It's actually a standard called a Progressive Web App that's been around a while, but not often used. there was a post earlier discussing it as well.
Jamie
After almost 24 hours, coming up on 662MB of images, and 371MB for the postegres database. Though, I could see the numbers fluctuating depending on how much stuff you're subscribed to. I'm currently subscribed to 31 communities, most of them fairly large.
My Lemmy instance is currently occupying about 350MB of RAM, but you can round that up to 400MB. A lot less than the 4GB for KBin.Technically it's a dual user instance now, since a friend wanted to join it and I said sure.
Mine still has 4 videos per row on my 1080p monitor. Maybe you got forcibly opped into a test? Did you make sure that you weren't zoomed in or anything?
I was starting to sweat a little because my instance, that only I use, already has 600MB of pictures after less than 24 hours. The server has more than enough space, but I still wouldn't like it. A week is far more swallow-able.
Nah, it's really topical and helps ease people into the community by having common ground to start off on. Plus, it's cathartic to slam them in a place where they have no power.
The thing he really talks about caring about is preventing LLMs from getting his data and using it to provide answers that reduce traffic to Reddit. Except LLMs weren't purely trained on Reddit, and the high majority of the internet where the training data did come from doesn't have a convenient API... so that makes it a little harder, I guess, but it really has no effect.
Then other times, he complains about the advertising revenue, but contradicts himself and says actually the 3rd party app userbase is 3% of all users and inconsequential but people just want to bandwagon the poor multi-hundred million dollar company. Yet it's such a big opportunity cost that can't be ignored and there's just no better way.
I can completely understand why that wouldn't be, it would put a big strain on any server with a large community count.

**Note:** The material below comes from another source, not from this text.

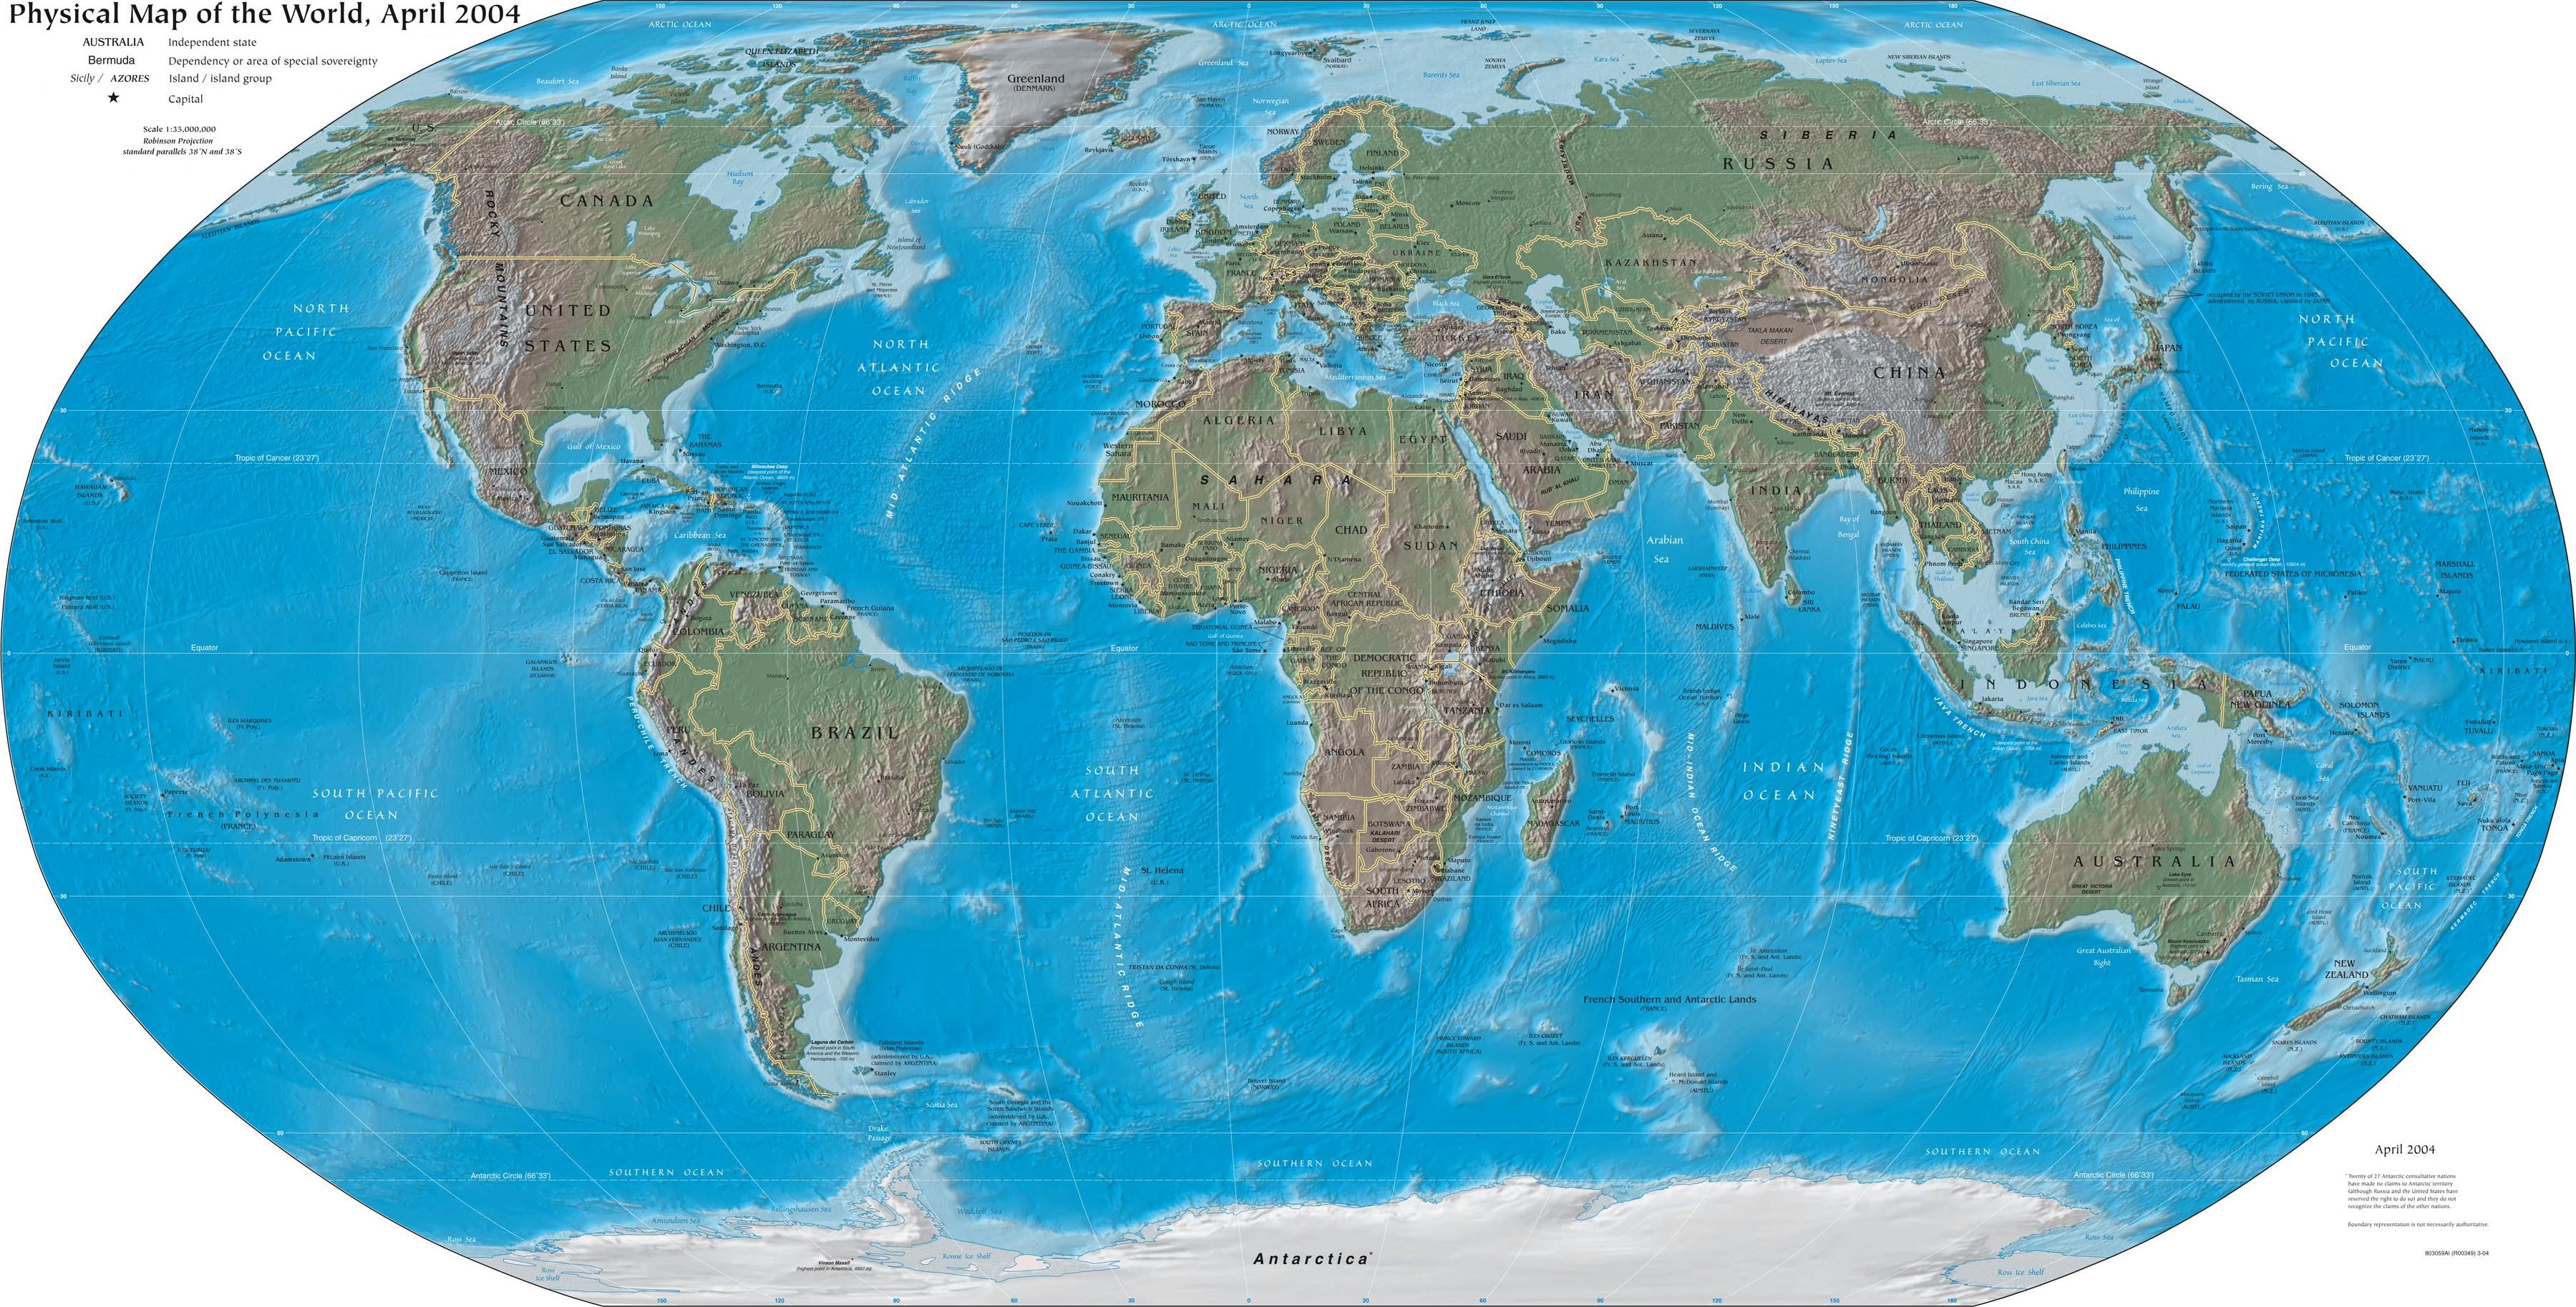 Geography Maps | Evolutionside

I think the top 25-100 communities could be reasonable, though. This could also be accomplished with a bot either managed by an instance interested in pulling that data, or a user wanting to automate subscriptions a bit.
*I originally posted this with an example that I immediately realized was incorrect, so I corrected that.
The 150MB metric was based on the documentation estimate. I would say that remains correct for my solo instance. The only caveat would be that postegres adds, at current, about 200MB of usage on top of that. Nginx and postfix add just about nothing memory-wise.
This may bloat up over time, or if I had a bunch of users I'm certain it would, but we're not really talking about hosting large communities in this case, so I'd say 512MB of RAM with no other software could probably do the trick as a bare minimum. For those hosting proper communities, 100% future proof and go bigger than that.
Are you talking about getting a list for yourself, or doing it in a federated way? Because for an individual instance, you can go to Explore Communities -> All to view the most popular communities for that instance, or click the local tab for only communities that they host.
I found a lot of my communities (including this one!) through Lemmy Explorer which aggregates it a bit.
I didn't mention the install process in my case, because the box I installed on already had Apache, which conflicted with nginx, and I couldn't get an equivelant apache config working correctly. So in my case, it took extra steps where I migrated everything from apache to nginx on the box, and stopped using apache. But I did the install using ansible to connect from my PC to the server, and the install process itself wasn't bad. Copy pasted the config files and made a few relevant changes like DB password, instance name, default admin credentials, and pointing to my existing SMTP mail service. For a personal instance, you could probably exclude that last step though. I already host email for my domain, so the effort to do the extra and make it work was miniscule.
After the config changes, I just put things where the lemmy-ansible repo asked, and ran it as directed. Aside from a few screwups on my part, which were mostly because I was trying to see if I could make Apache work, the install wasn't too bad. Ansible did the heavy lifting, and if I was installing on a fresh server, I have little doubt it would have given me trouble at all.
If you ever decide to go through with trying, feel free to reach out to me. I'll be happy to help as much as I can.
The arguments for are varied. I don't have to worry about any admins making decisions on federation, I can federate (or not) however I please. I have my own space that I can do what I want with in a familiar format, and I can make my username Jamie without it being taken.